- The Washington Times - Friday, January 23, 2004

ANNAPOLIS — A group of lawmakers is calling for illegal aliens to be incarcerated as soon as they are discovered, as one of six pieces of legislation aimed at cracking down on illegal immigration.

“A number of us decided that, instead of playing defense, it is time to play offense,” Delegate Patrick L. McDonough, Baltimore County Republican, said of the illegal-immigration bills, which were introduced in the House before the start of the session last week.

The bills call for:

• Requiring local police, without warrants, to arrest illegal aliens they discover during their daily duties and turn them over to federal authorities.

• Banning illegal aliens from owning driver’s licenses.

• Seizing cars driven by illegal immigrants and suspending the licenses of anyone who allows illegal immigrants to drive their vehicles.

• Banning embassy-issued consular matricular identification cards from being accepted as forms of ID.

• Creating a task force to study whether health care workers should be required to report when they treat illegal aliens.

• Creating a task force to study how much illegal immigration costs the state.

A leading sponsor of the legislative package, Mr. McDonough said the bills have “no chance” of passage in the Democratic-controlled General Assembly. But he added that he and Delegate Richard K. Impallaria, Baltimore County Republican, are representing their constituents with the legislation, which might pass in a few years.

“We can start the battle here,” Mr. McDonough said. “We will be back again next year and the year after and the year after.”

Mr. Impallaria, another key sponsor, said last year’s legislation that would have allowed illegal aliens to possess driver’s licenses and pay in-state tuition at state colleges and universities served as a wake-up call.

The tuition bill was defeated, and the driver’s license bill is being studied.

“They both had the power to pass, which was a scary thought,” Mr. Impallaria said. “With 9/11, where you had people who entered the country illegally, and then you had the sniper [Lee Boyd Malvo], who was also illegal … if these weren’t a wake-up call, I don’t know what was.”

Malvo, a native of Jamaica, was convicted of taking part in 2002’s sniper shootings in the Washington area and sentenced to life in prison last month.

“The fact is the proponents on the other side are very organized, when polls show 85 to 90 percent of Americans are concerned about illegals, but frankly they are disorganized, so we are going to hold a series of rallies to generate grass-roots support,” Mr.
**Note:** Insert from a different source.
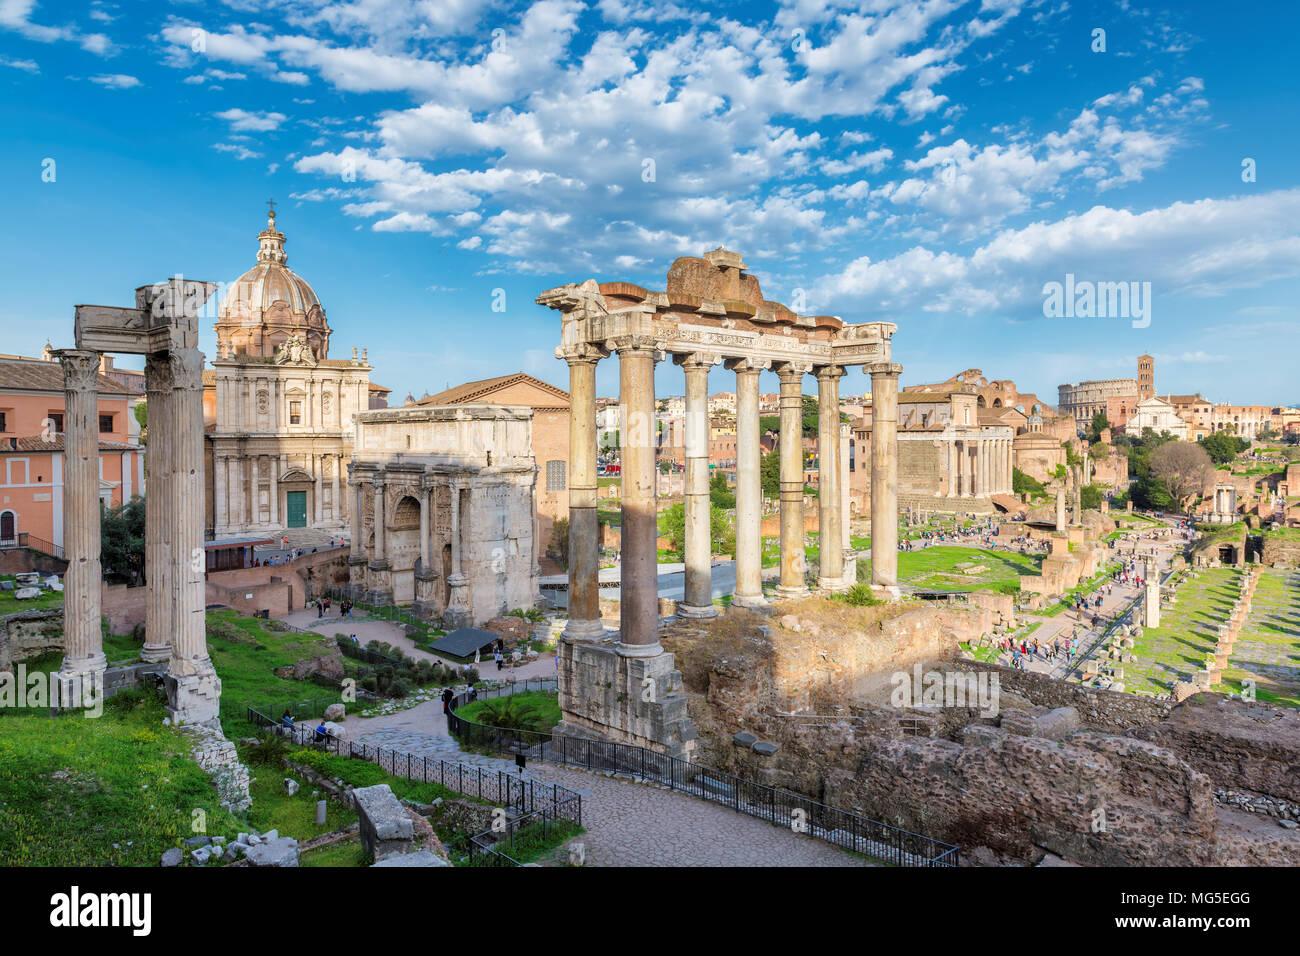 Foro Romano en Roma, Italia, durante la puesta de sol. Imagen De Stock

McDonough said.

The first rally will be held Feb. 28 in Baltimore County.

The bills have received support from an assortment of about 15 Republicans, and the one calling for a ban on illegal immigrants possessing driver’s licenses has attracted two Democrats, as well — Delegates Emmett C. Burns Jr. of Baltimore County and Rosetta C. Parker of Prince George’s County.

Mr. Burns, the House deputy majority whip, said he supports stricter immigration laws.

“We have enough people here already without opening the floodgates,” he said. “We have aliens right here in America who are legal that can’t find jobs. … So why would we want to do more for people that are undocumented than for people that already here? I have a big problem with that.”

Delegate Herbert H. McMillan, Anne Arundel County Republican, said the state needs to tighten control of licenses because “driver’s licenses become the de facto national identification card.”

“It simply does not make since from a national security standpoint to give a person who is by definition an undocumented alien an identity document,” Mr. McMillan said. “And the other aspect of that is it is unfair to legal immigrants, people who have worked hard and played by our rules, to allow illegal immigrants to go to the head of the line.”

Delegate Steven J. DeBoy Sr., Baltimore County Democrat, said he is considering co-sponsoring the bill that would allow authorities to seize vehicles driven by illegal aliens.

The legislation is named after the late Baltimore County Police Sgt. Mark Parry, who was killed by an illegal Peruvian immigrant who crashed into his patrol car two years ago.

“We are trying to prevent this tragedy from happening to anybody else,” Mr. DeBoy said. “Public safety has to be paramount.”

It is not known how many illegal immigrants reside in Maryland. According to the 2000 U.S. Census, about 337,000 Maryland residents — or 6 percent of the state’s population — are not U.S. citizens.

This article is based in part on wire service reports.